Jason Chambers and Philip Loh presented the challenges faced by Toyota Racing Development in making real time race data available to the race engineers. This was a fascinating problem space in that the race cars, weather systems, race track streamed hordes of data and some of it needed to be made available to the pit crews in real time whereas some of it didn’t. All of it needed to be available to race engineers post and pre-race.

TRD made heavy use of Lambda and Firehose and S3 to stream data to the sources that needed them. Again, resiliency was key here as a loss of the data feed during a race was catastrophic for the engineers and drivers and ultimately cost the race. This is the main reason for choosing Lambda and Firehose as they are serverless technologies with almost 100% uptime.

Auto Scaling – the Fleet Management Solution for Planet Earth

Hook Hua talked about the unique approach to auto-scaling that the JPL Advanced Rapid Imaging and Analysis project took. In particular, he spoke about using a reactive policy to auto-scaling based on real earth events such as earthquakes. He talked about how AWS makes it easy for them to scale to 100,000 vCPUs where a natural event increases demand on the data processing pipelines they have. The JPL have vastly improved the availability of the analysed data but not without encountering some issues at scale.

One of the issues that JPL faced when auto-scaling to these levels was that they found they were actually a market maker in the spot market. When an auto-scaling event happened it was clear that they could cause the cost of spot instances to more than double. They learned to mitigate this issue using spot fleet to diversify resources.

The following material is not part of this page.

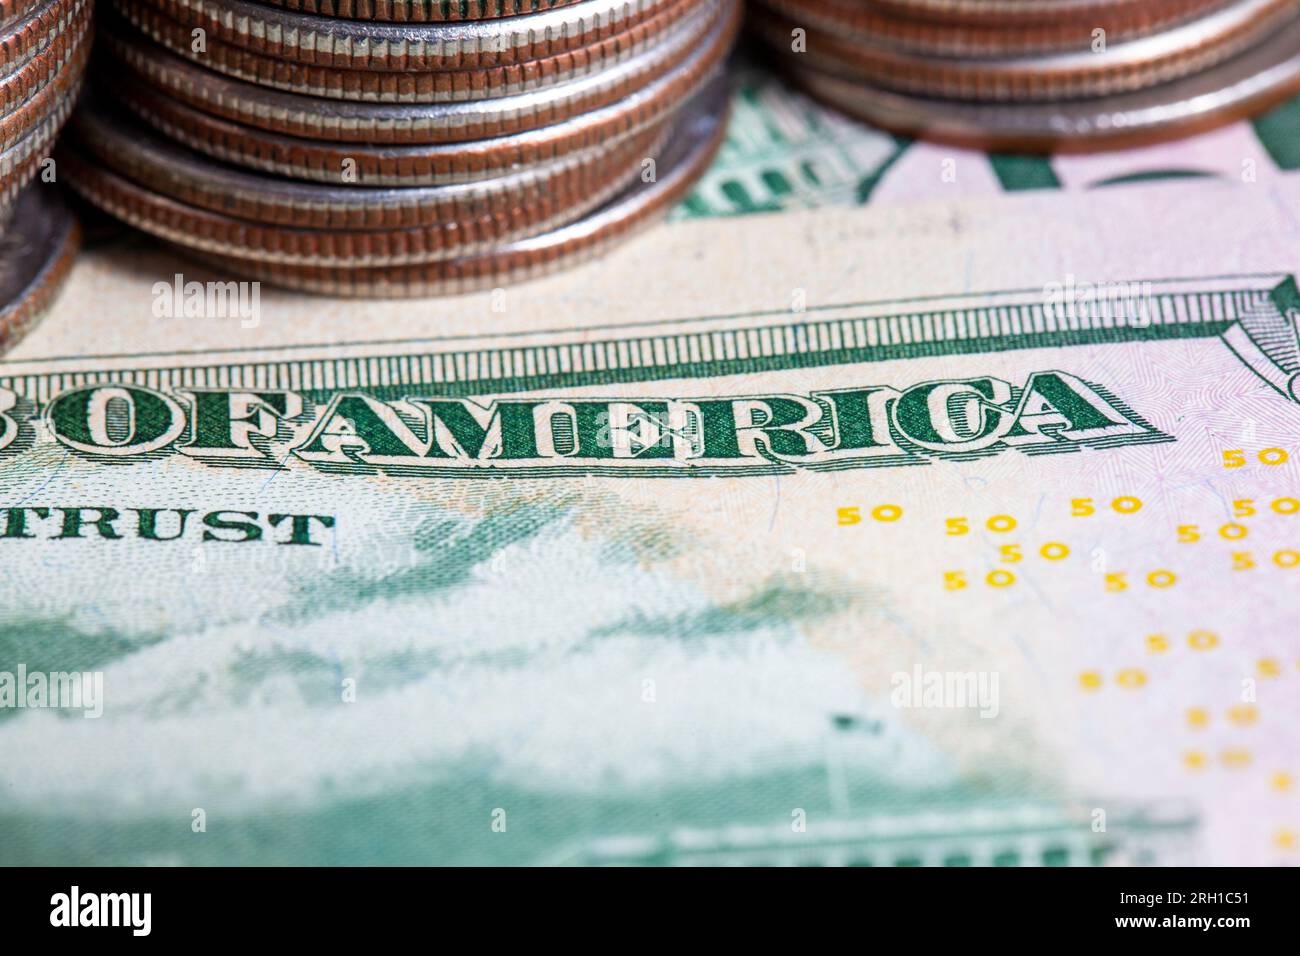 Monete americane un quarto di dollaro americano accatastato insieme, un mazzo di monete americane di 25 centesimi, vecchie monete sporche Foto Stock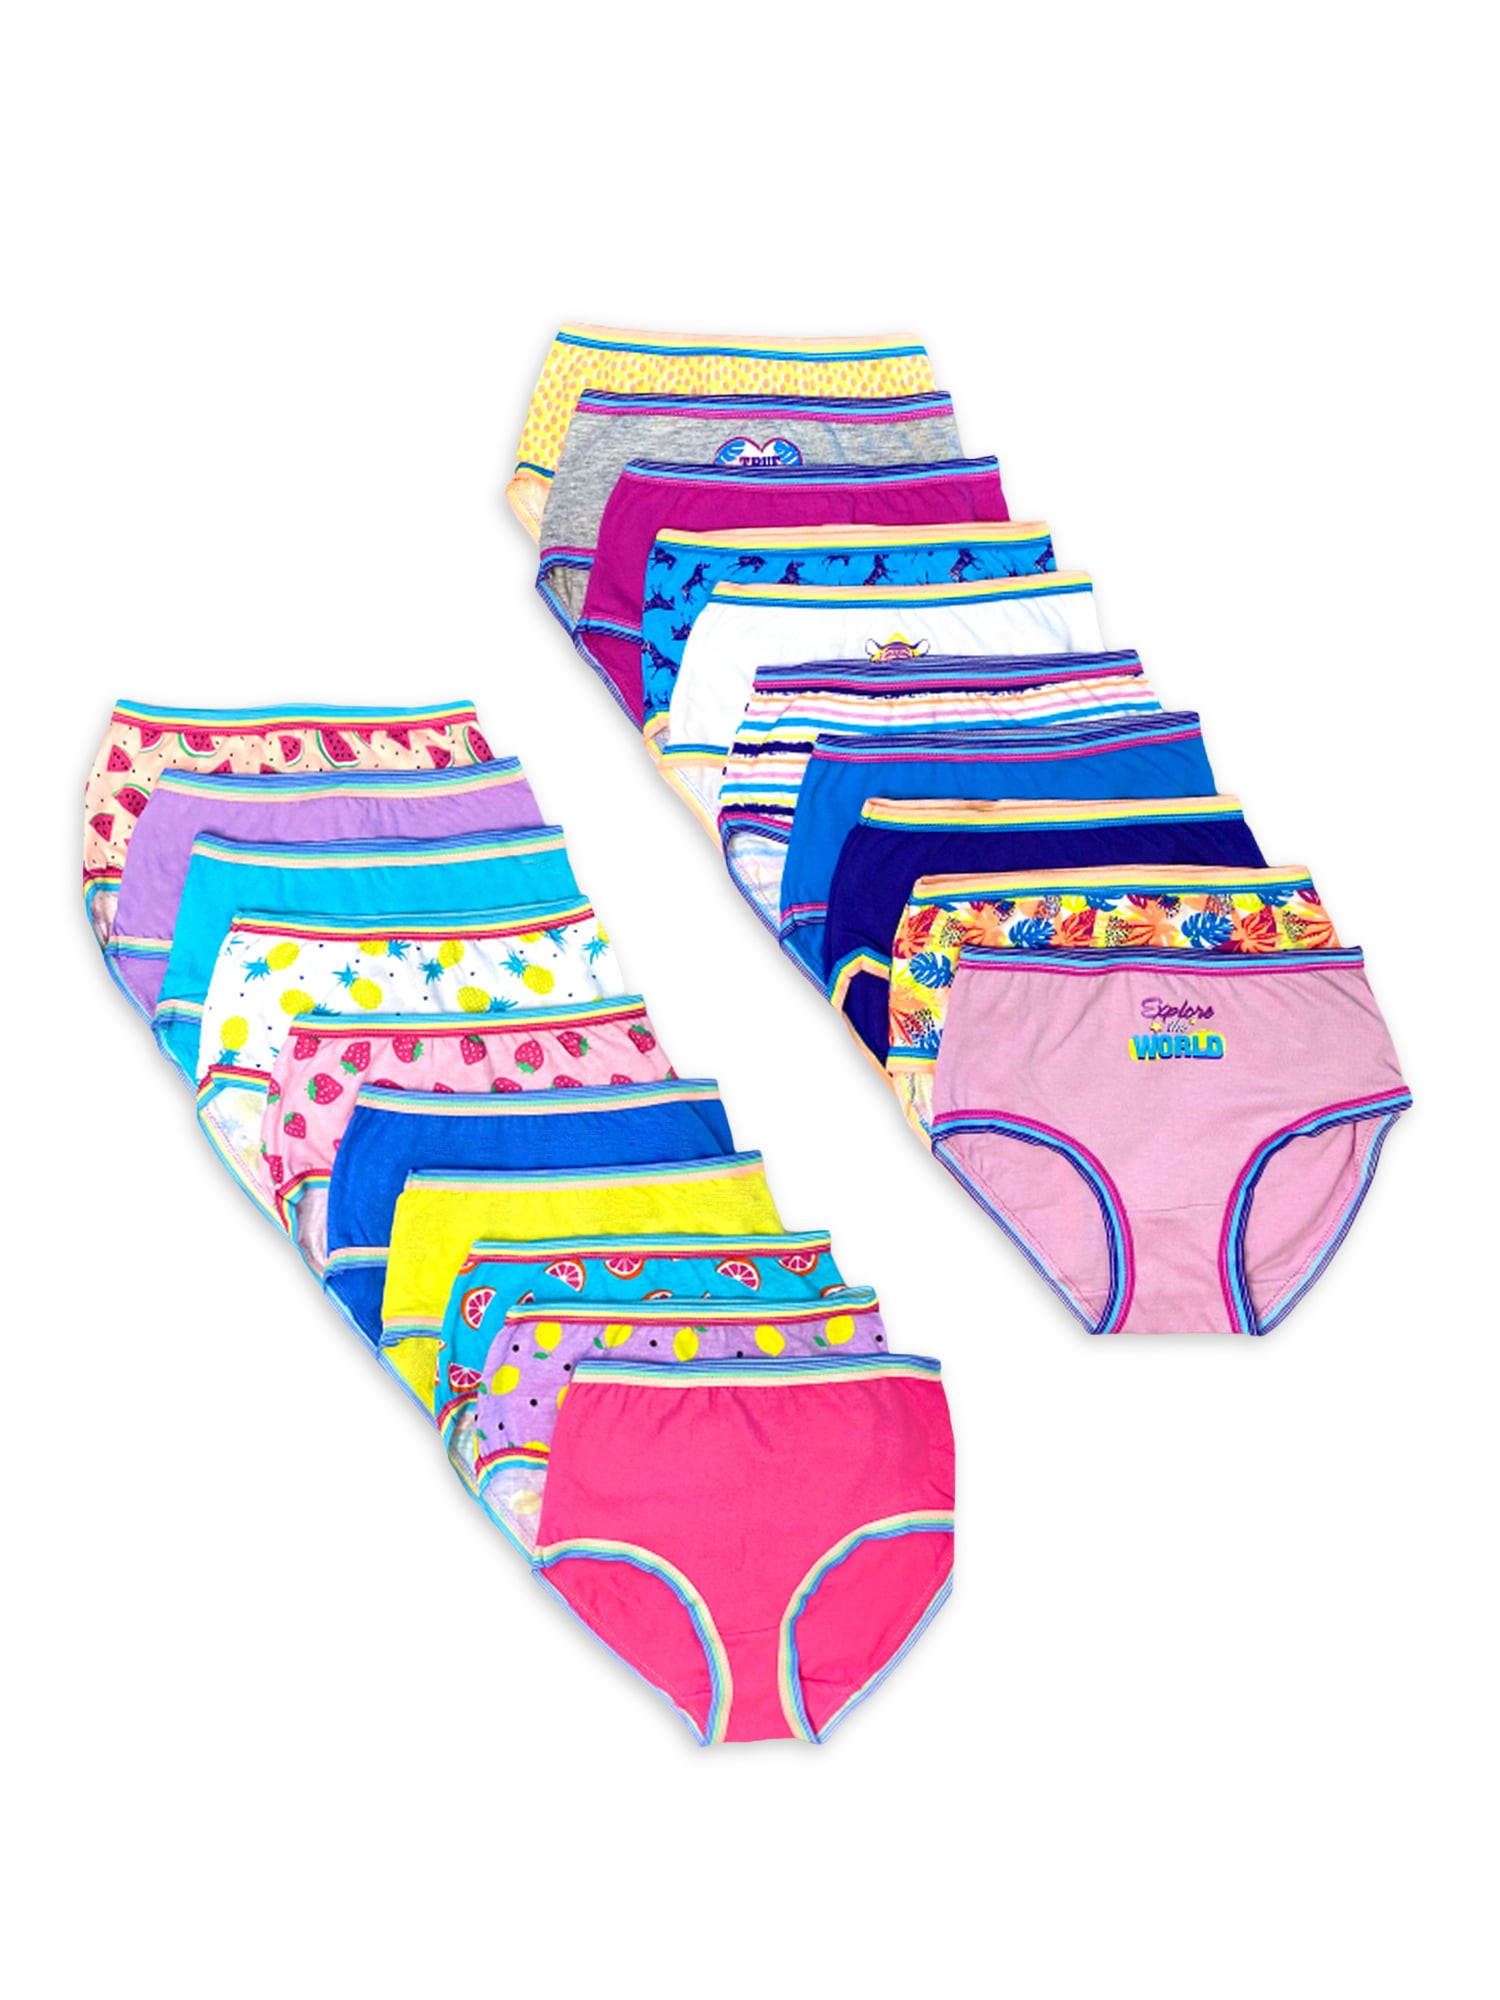 Wonder Nation Girls Brief Underwear, 10-Pack, Sizes 4-18 & Plus

Another issue that JPL faced was something they called “Thundering Herd”. When auto-scaling from 10s of instances to 1000s of instances within a short time period any services that were called during bootstrapping those instances often hit rate limits or even DDoS’d those services. The solution to this was to “Jitter” the API calls. All API calls during bootstrapping instances had a random wait before the call was made.

Conclusion

The general message from re:Invent this year was security and resiliency at scale (where better to get this message over than Las Vegas). To achieve this, automation is key. We should be developing our “physical” architecture in the same way as we develop our software. We must stop thinking about infrastructure as static and never changing. AWS offers us almost infinite scale and we should always make sure we are in the best possible place to make use of this scale when needed because this is what will give us an advantage over our competitors.

  • Neil Trodden

    Great write-up! If I could ‘vote’ for a future blog-post – those Step Functions look really interesting.